Malika Jahan, was not particularly shrewd or intelligent, although she felt that she was up to playing political intrigue against the likes of the ruthless Ala ud-Din and his brother. In the belief that keeping the throne of Delhi vacant was dangerous and could lead to Ala ud-Din being accepted as the sultan, she pushed forward the claim of her sons to the throne as the legitimate successors to Jalal ud-Din. She extended their claims through some amount of unnecessary intrigue. Malika Jahan bought off some nobles who were not supportive of her sons’ claims by plying them with gifts and the promise of high positions. In her haste to fill the throne, the queen raised her second surviving son Qadr Khan to the throne, with the title Rukn ud-Din Ibrahim. This one impulsive action paved the way for disaster.
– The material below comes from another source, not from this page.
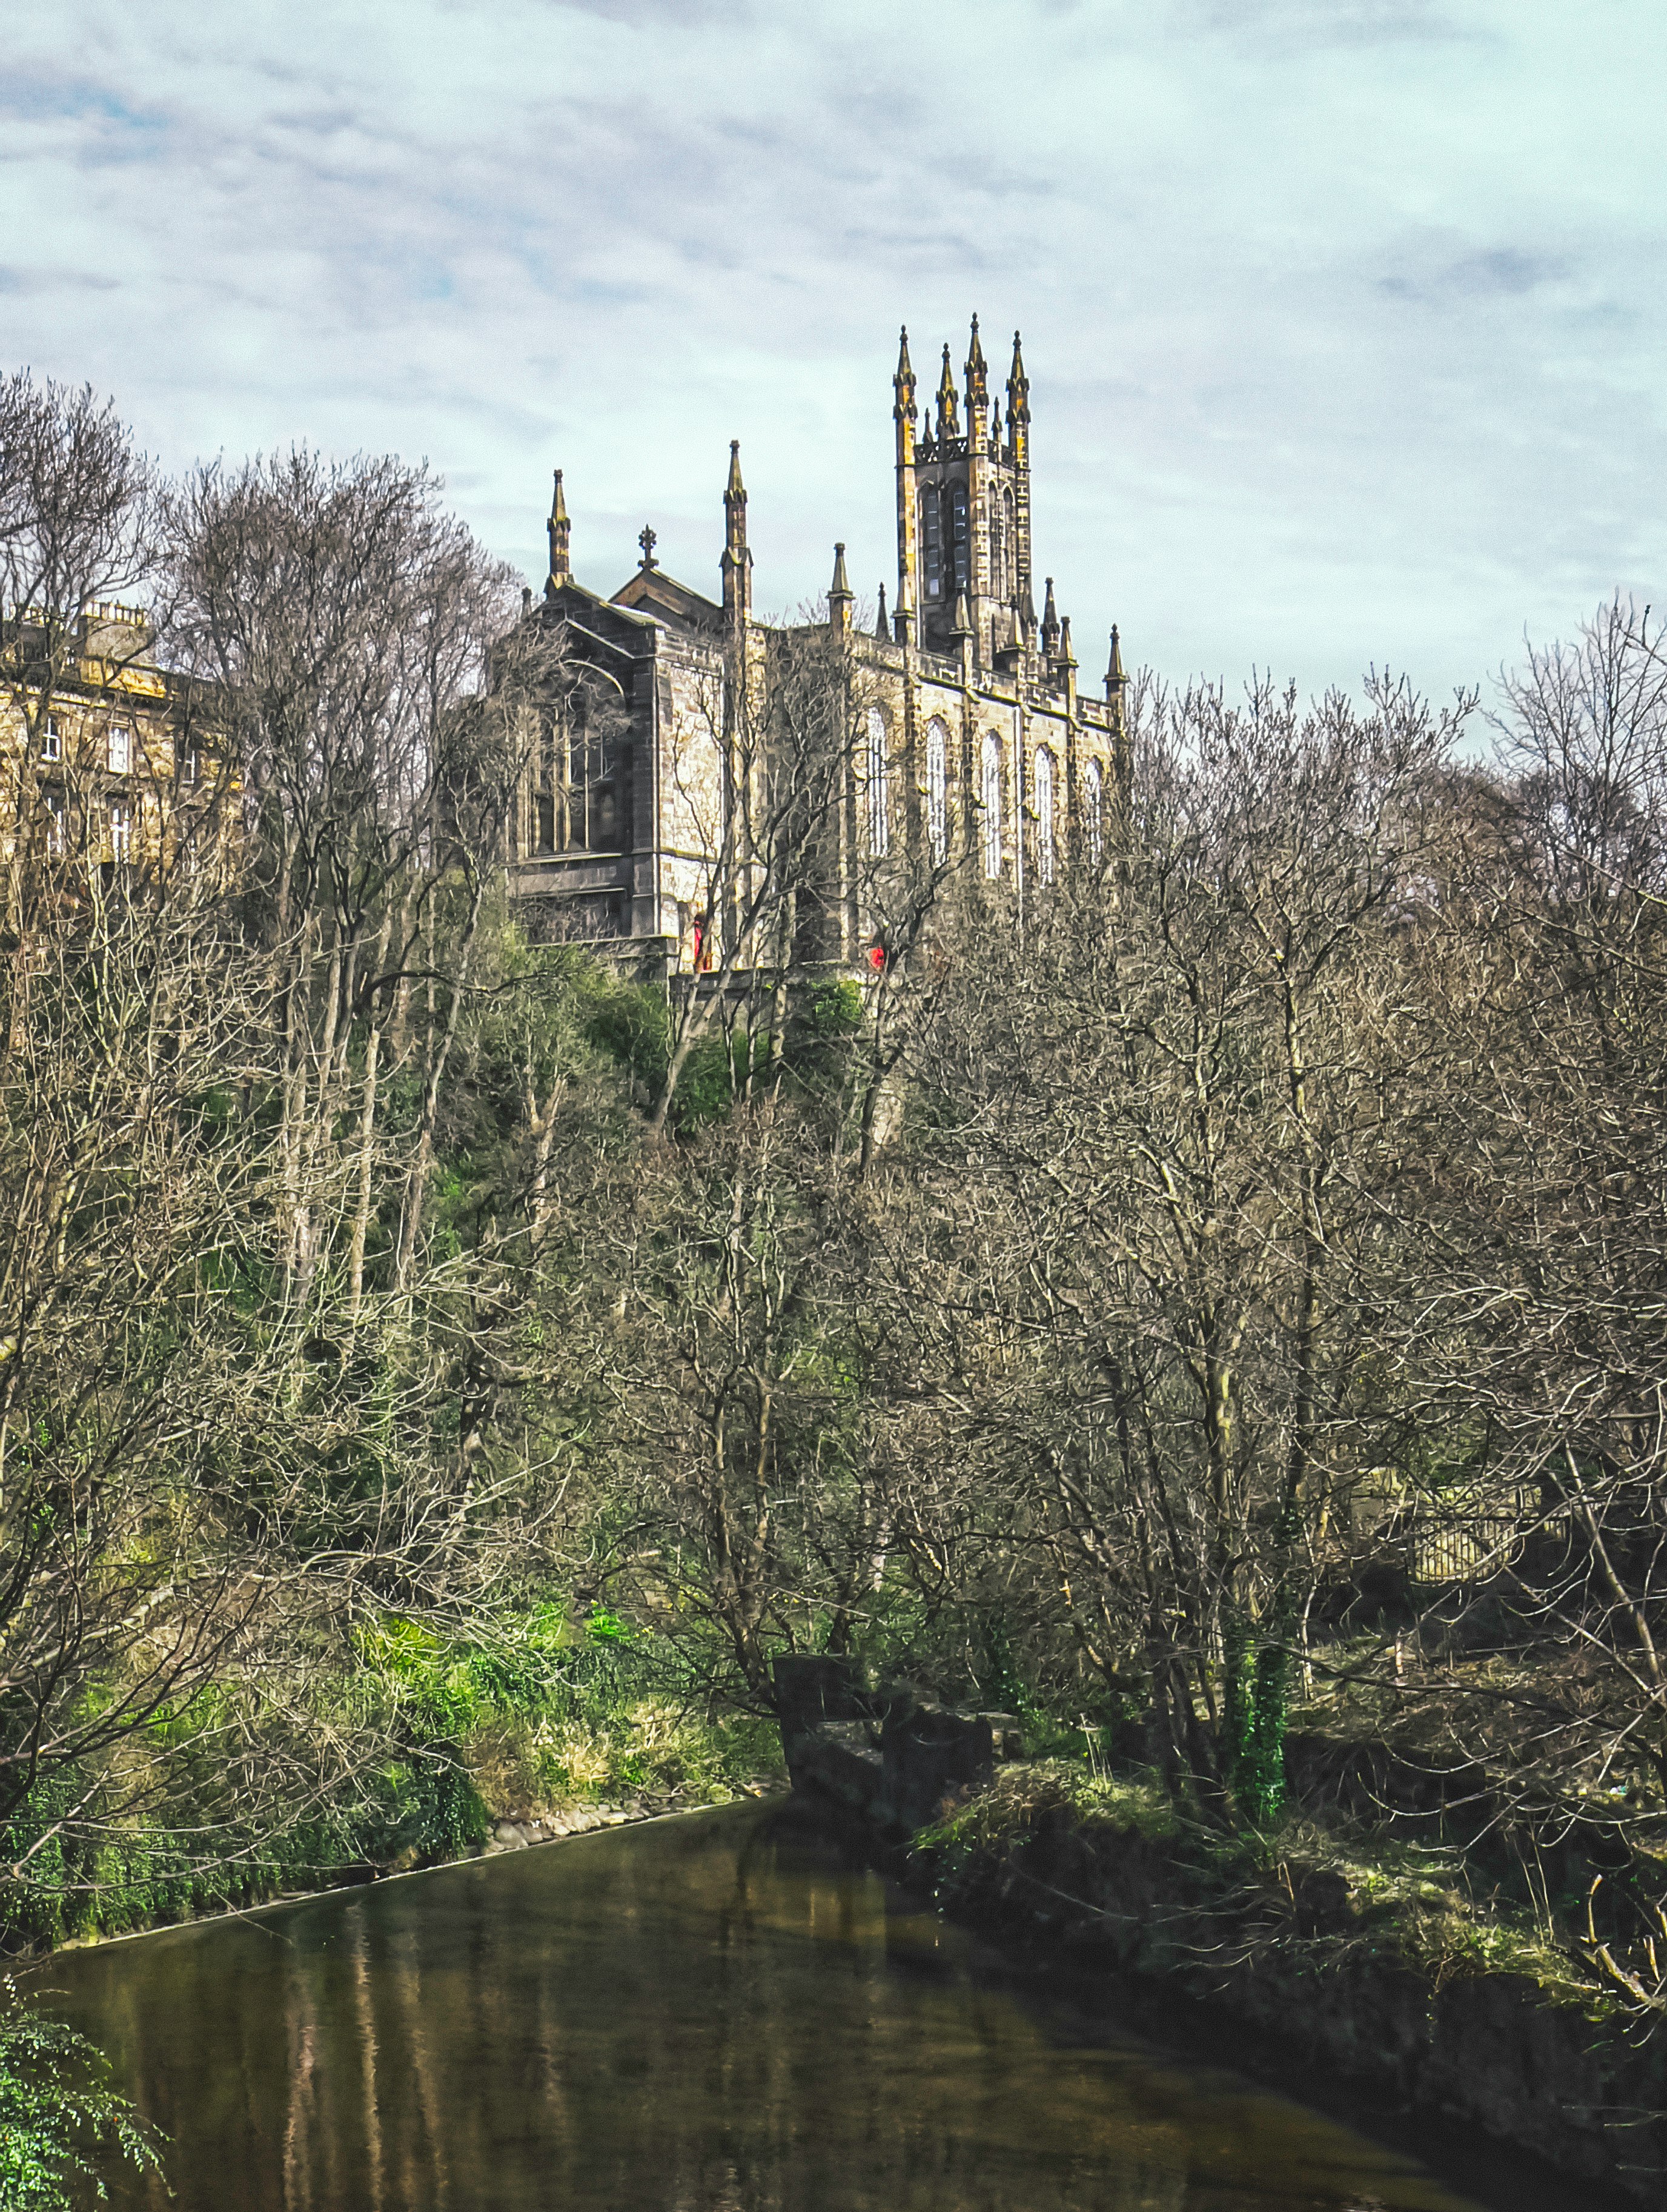 The Rhema Church sits on a hill above the Water of Leith in Edinburgh (Apr., 2010).

Her elder son Arkali Khan, considered unanimously by all to be more capable than his younger brother, was at this time in Multan. He was upset by his mother’s actions.
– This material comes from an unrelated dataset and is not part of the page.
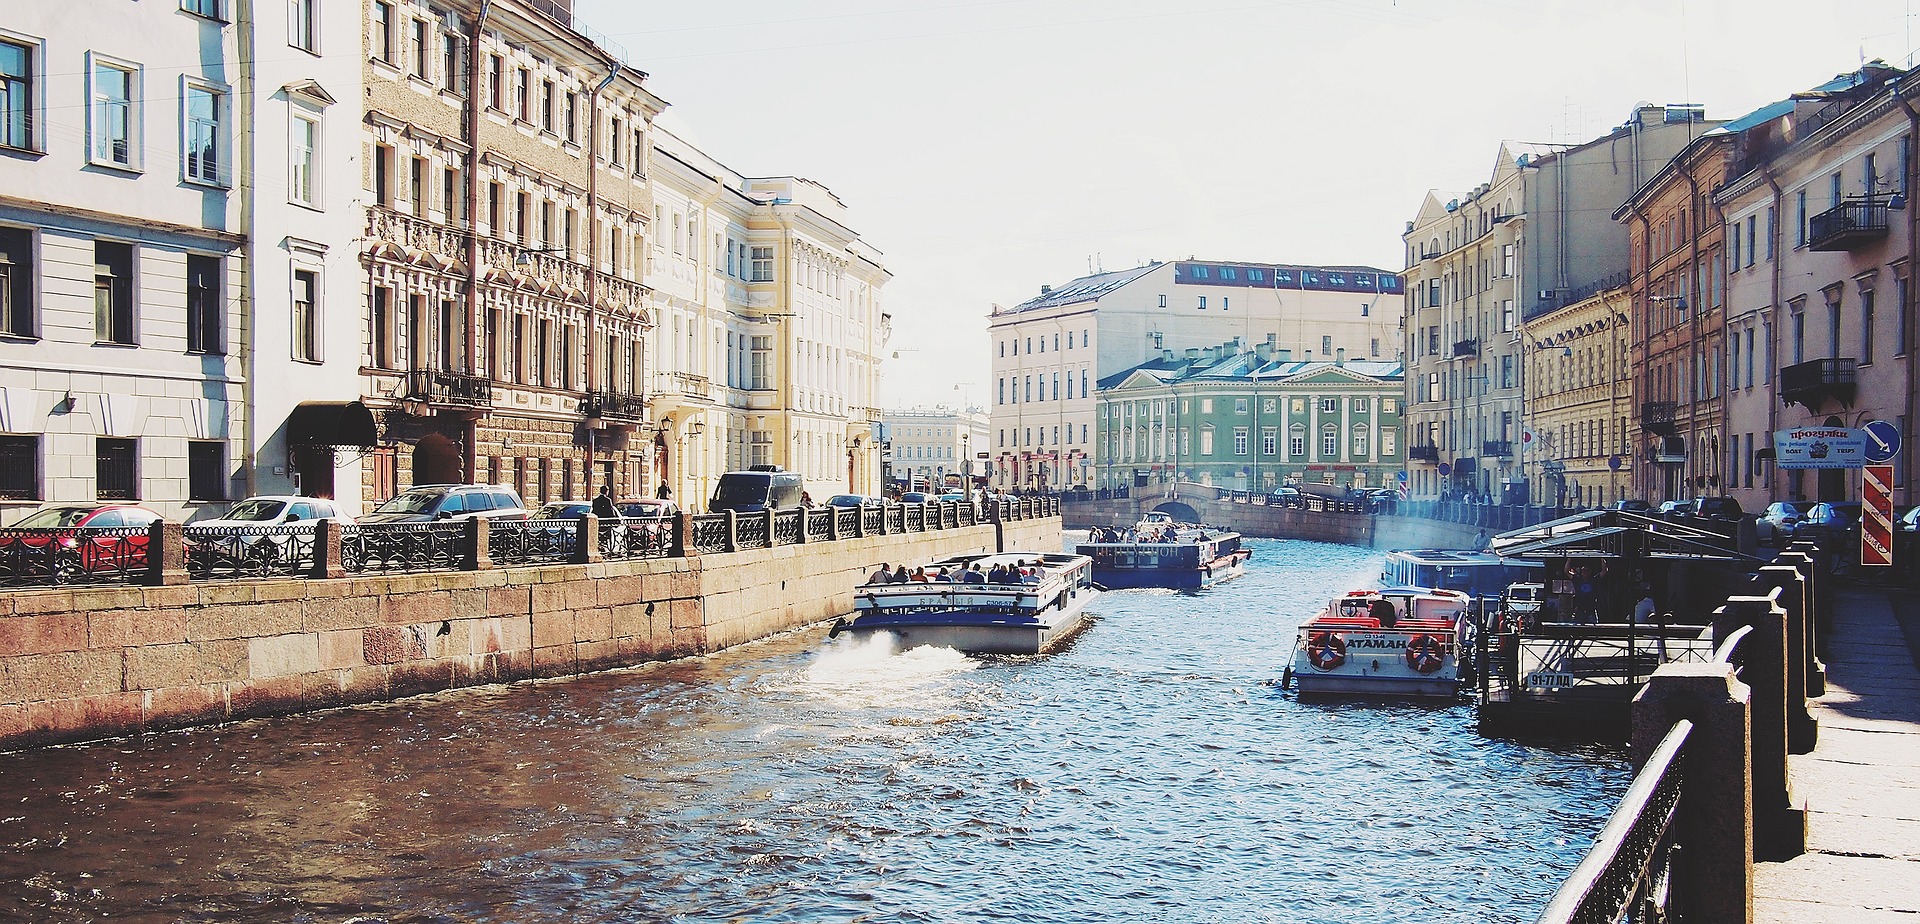 St Petersburg wins European city destination of the year at World Travel Awards

Ala ud-Din realised that if Qadr Khan was well supported, he would be a formidable adversary in the contest for the throne, especially since some amount of legitimacy was attached to him as Jalal ud-Din’s son. The claim was strengthened by the fact that the sultan had been murdered and Ala ud-Din was responsible for the assassination. The circumstances of the sultanate was precarious at this stage with the indigenous Hindu princes baulking under foreign rule and waiting for an opportunity to throw the invaders out. There was also the threat from the Mongols who had once again become restive in the north-west region. The situation was not looking very conducive for the success of Ala ud-Din’s plans. This is when he displayed the stoutness of heart required to face and overcome formidable challenges and which transforms princes to kings. He decided to strike at Delhi with vigour and determination without wasting any time and started to march towards Delhi. The saying goes, ‘fortune favours the brave’ and in this particular instance luck or fortune, call it by whatever name, favoured Ala ud-Din.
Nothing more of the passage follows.